**Exercise brief**
All of the data below is to be repeated exactly, except for the pictures.

**Records shown**
•••••

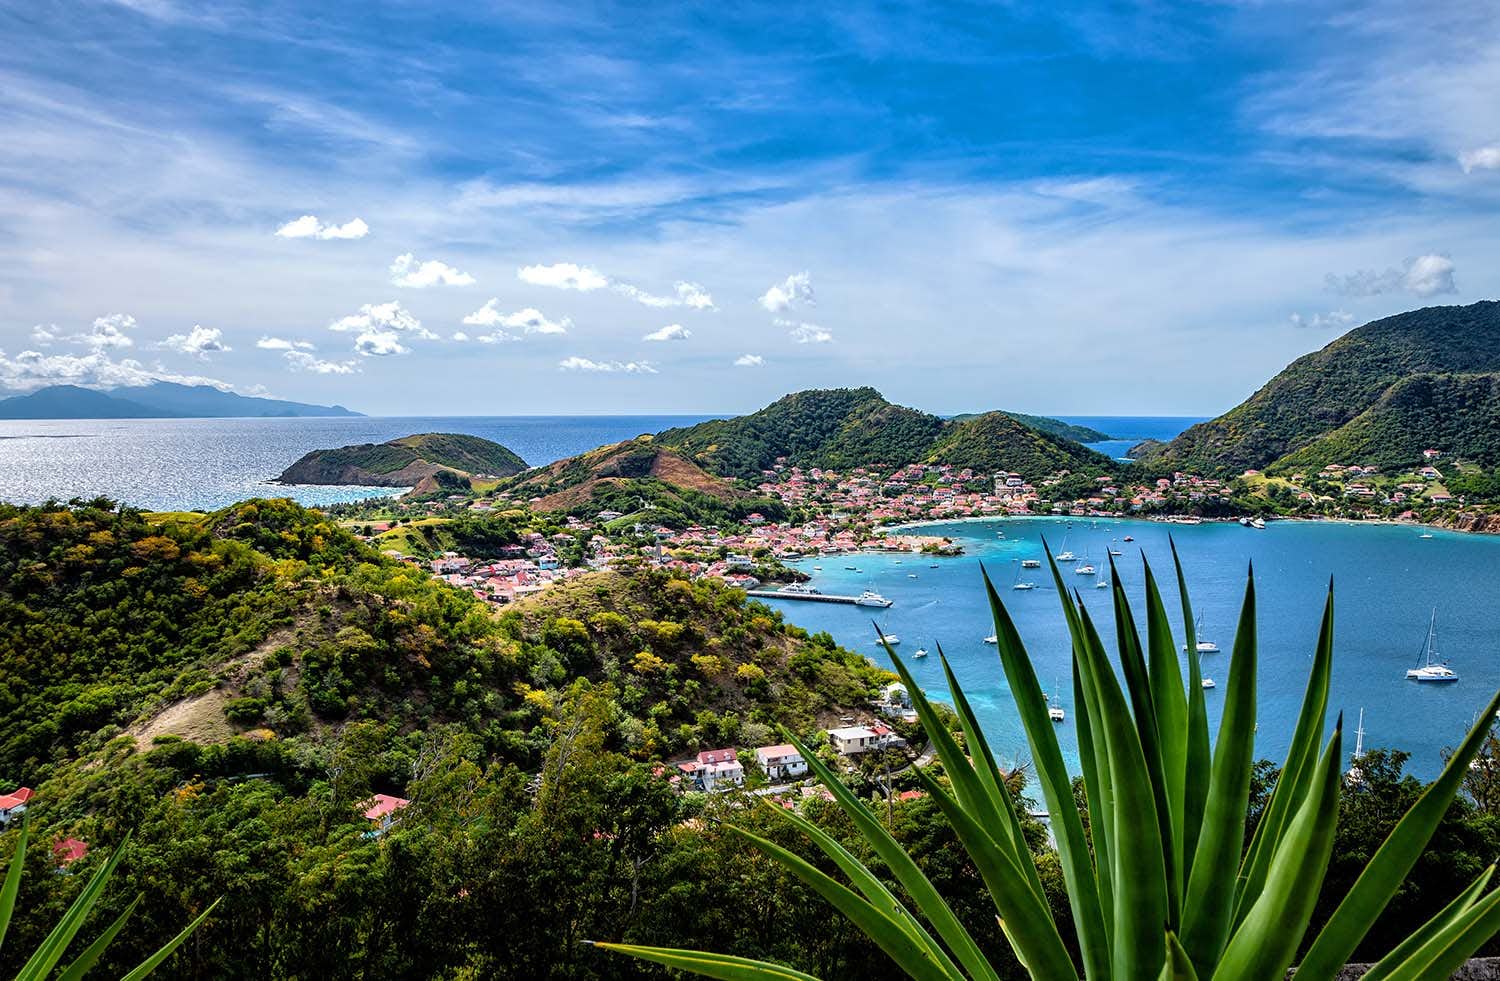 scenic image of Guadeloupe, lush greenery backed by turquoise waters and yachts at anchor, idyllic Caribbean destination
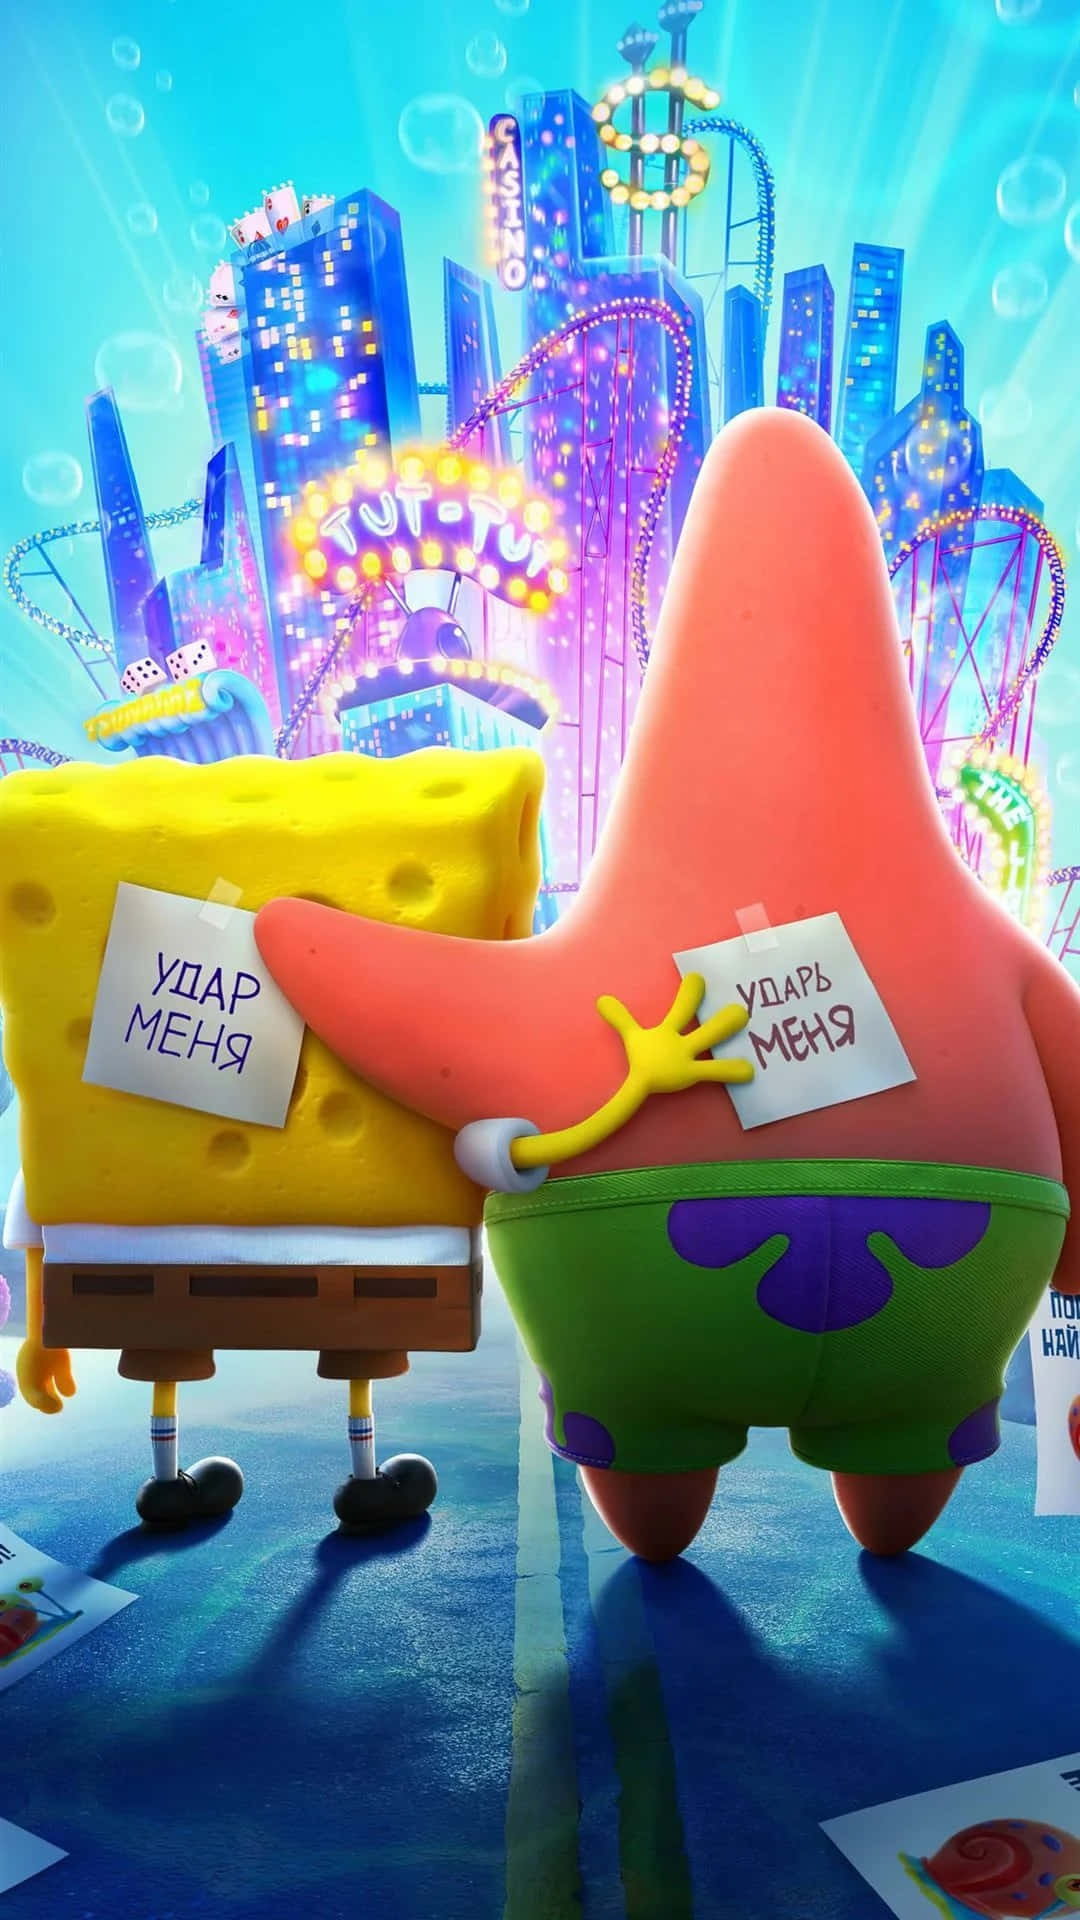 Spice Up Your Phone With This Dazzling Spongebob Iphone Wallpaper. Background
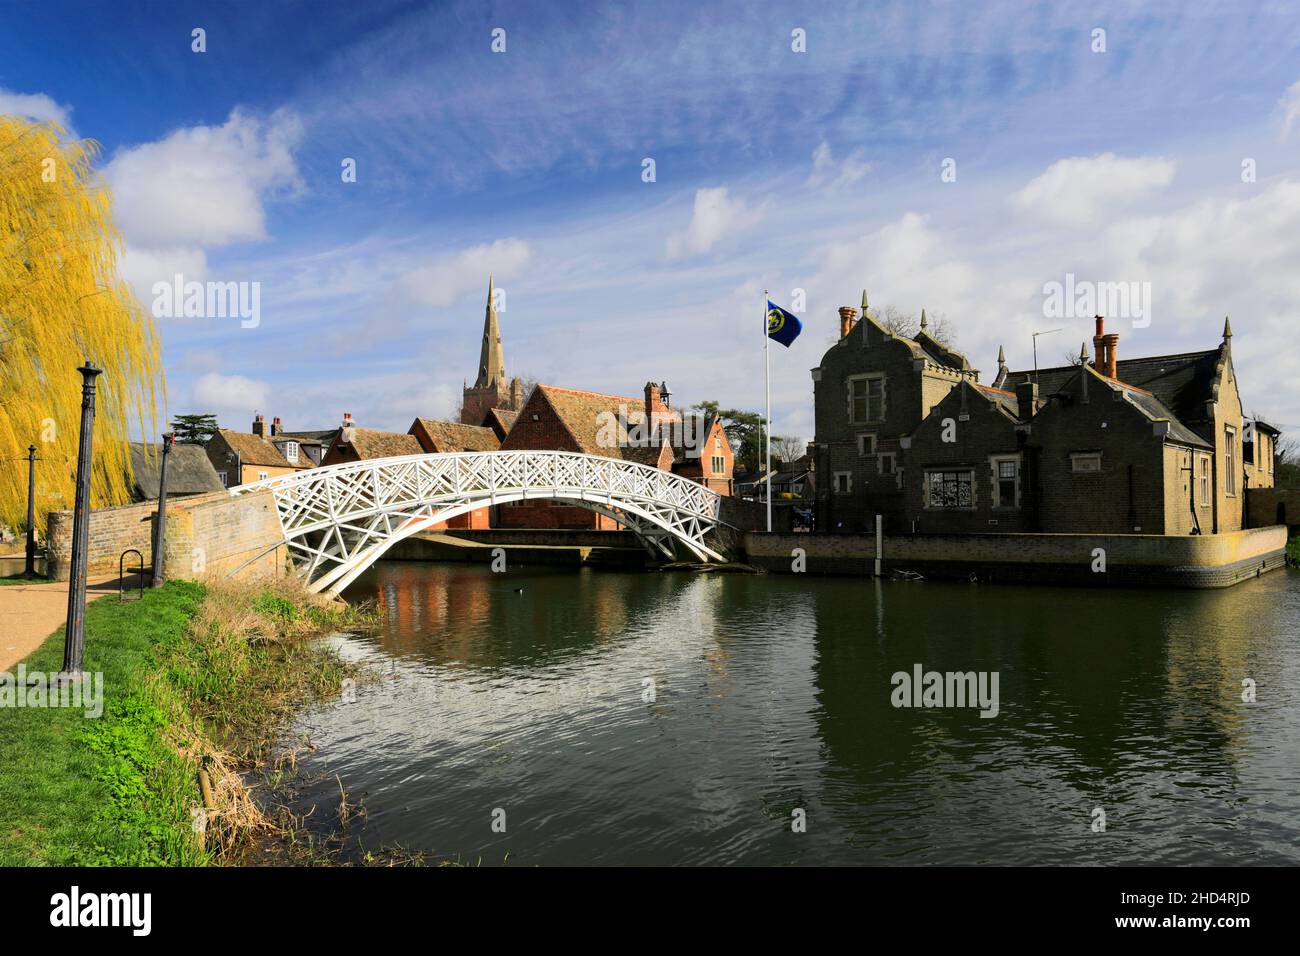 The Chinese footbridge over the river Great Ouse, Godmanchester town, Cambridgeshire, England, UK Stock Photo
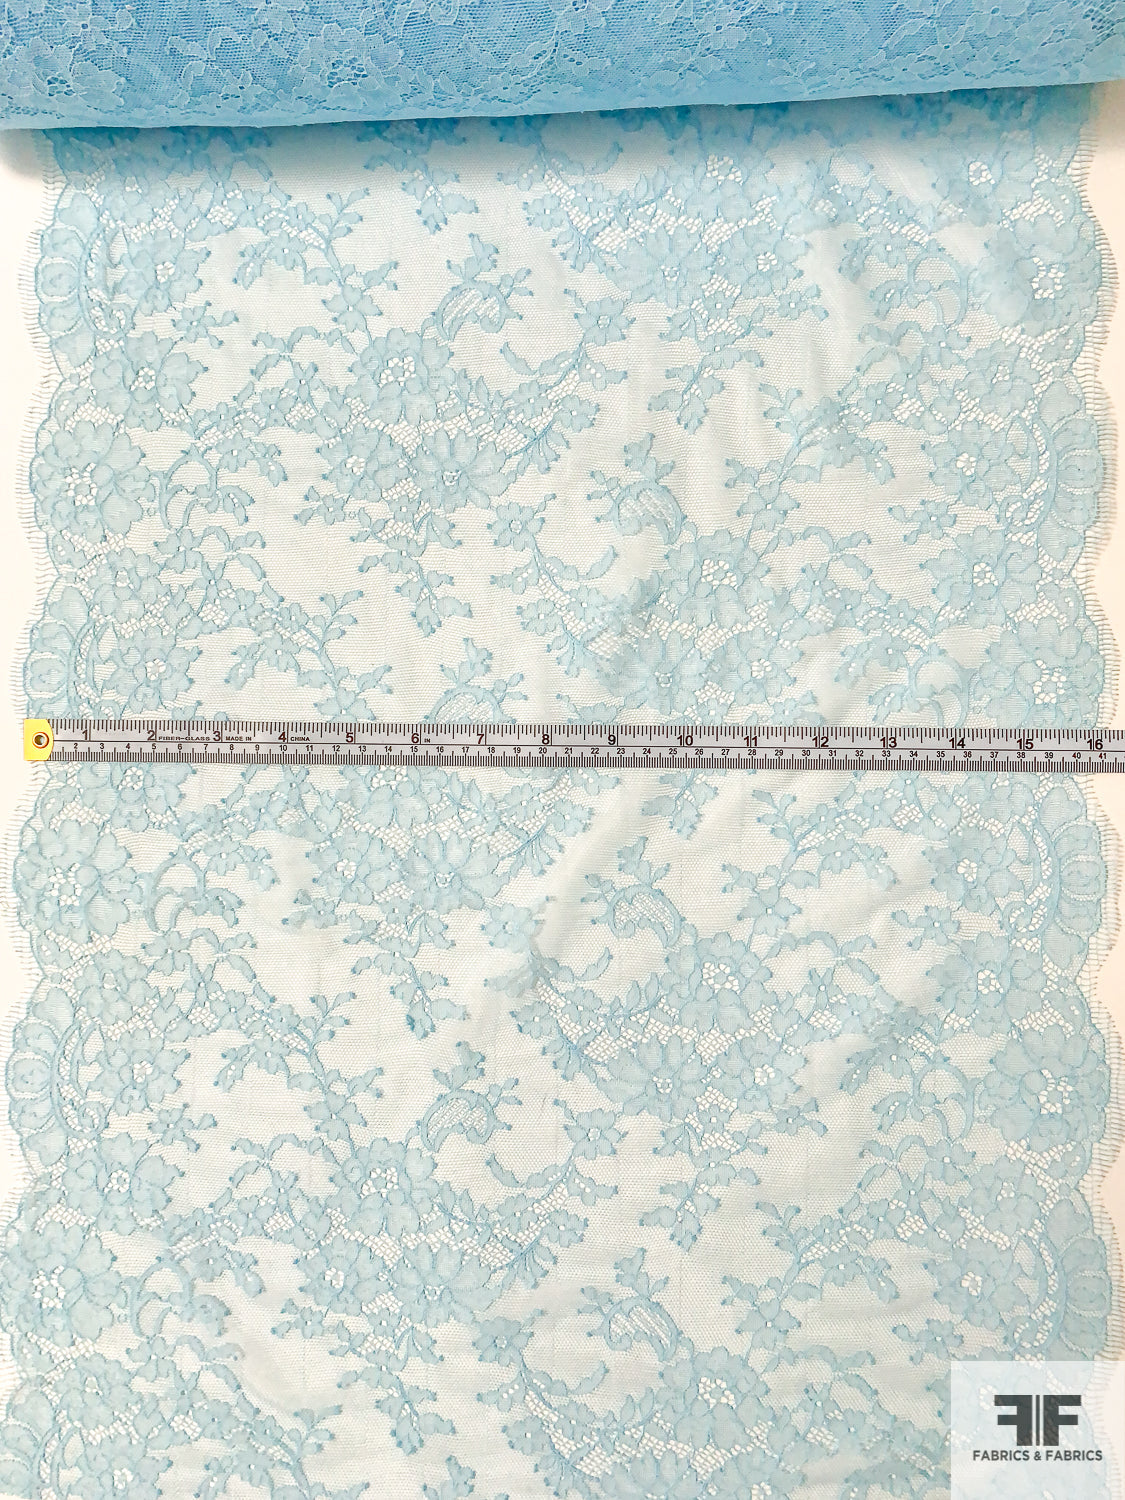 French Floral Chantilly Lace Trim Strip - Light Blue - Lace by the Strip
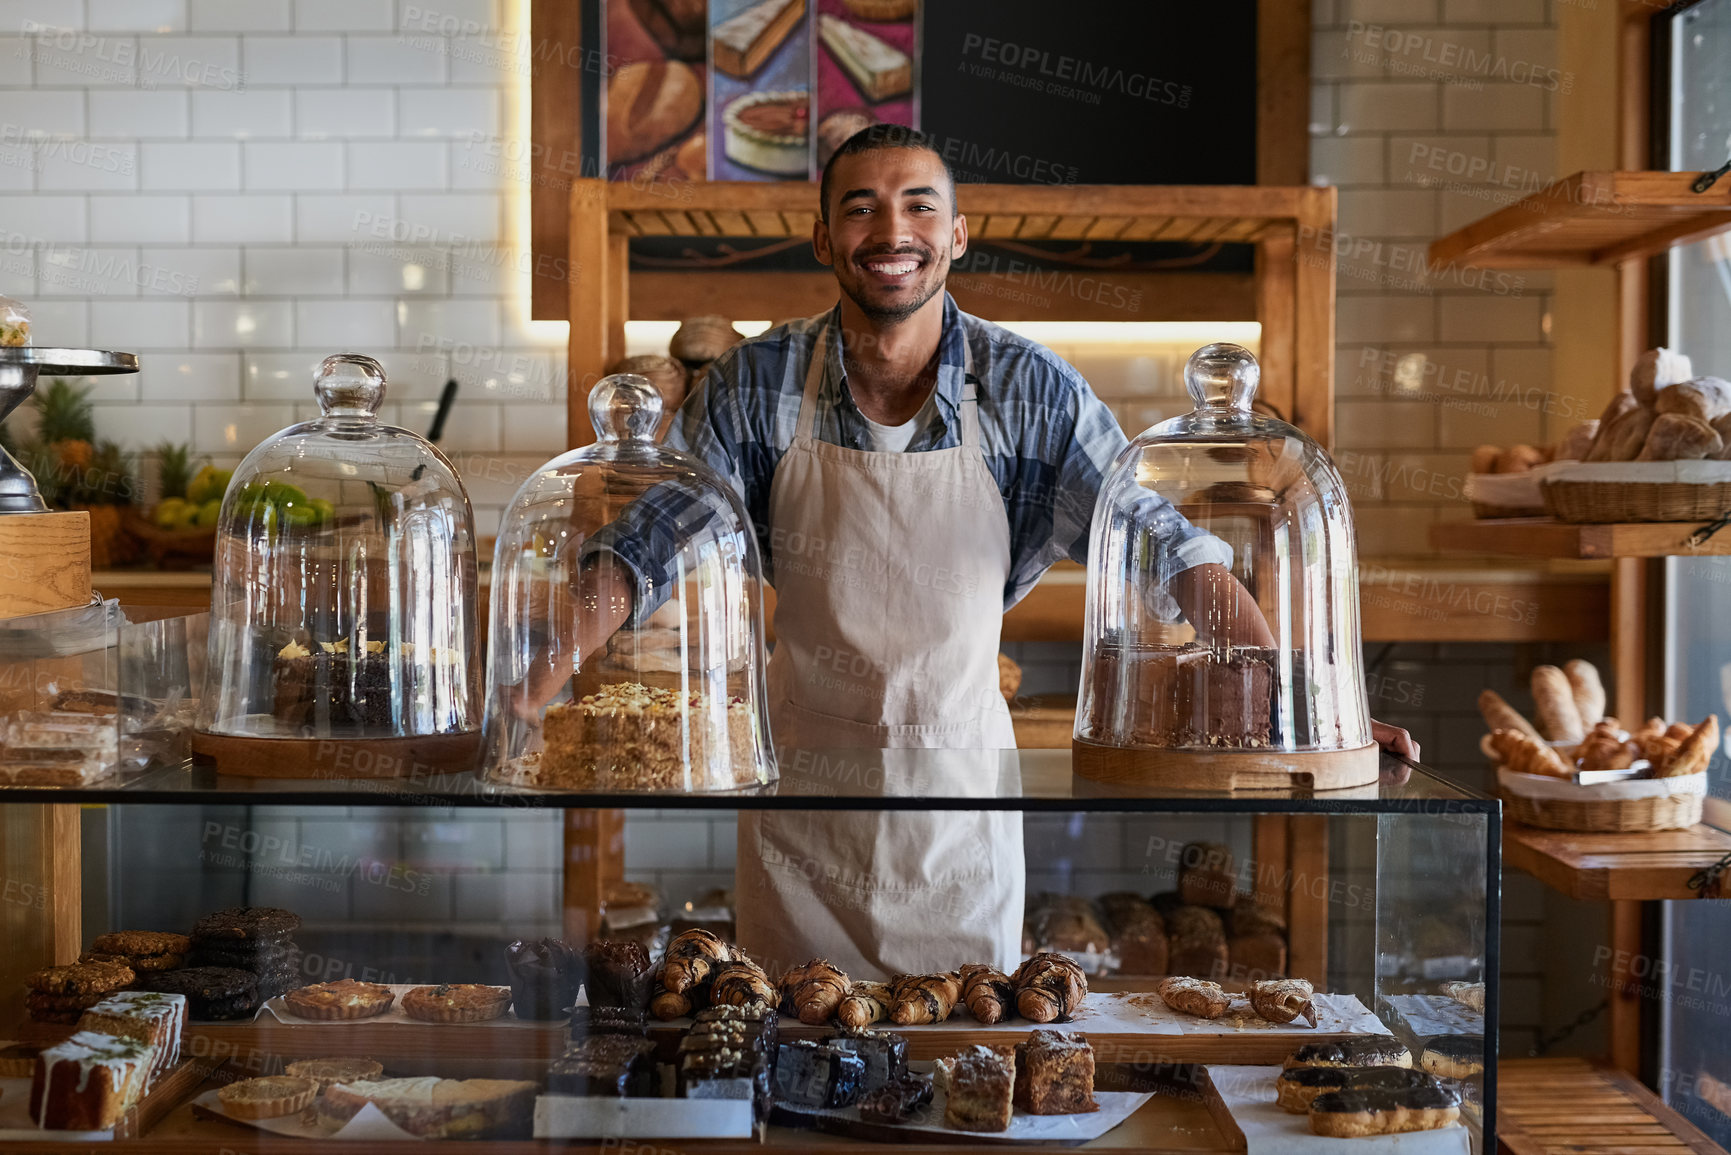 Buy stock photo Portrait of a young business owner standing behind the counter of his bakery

•••••

**Result of this exercise**
 scenic image of Guadeloupe, lush greenery backed by turquoise waters and yachts at anchor, idyllic Caribbean destination
 Spice Up Your Phone With This Dazzling Spongebob Iphone Wallpaper. Background
 The Chinese footbridge over the river Great Ouse, Godmanchester town, Cambridgeshire, England, UK Stock Photo
 French Floral Chantilly Lace Trim Strip - Light Blue - Lace by the Strip
 Buy stock photo Portrait of a young business owner standing behind the counter of his bakery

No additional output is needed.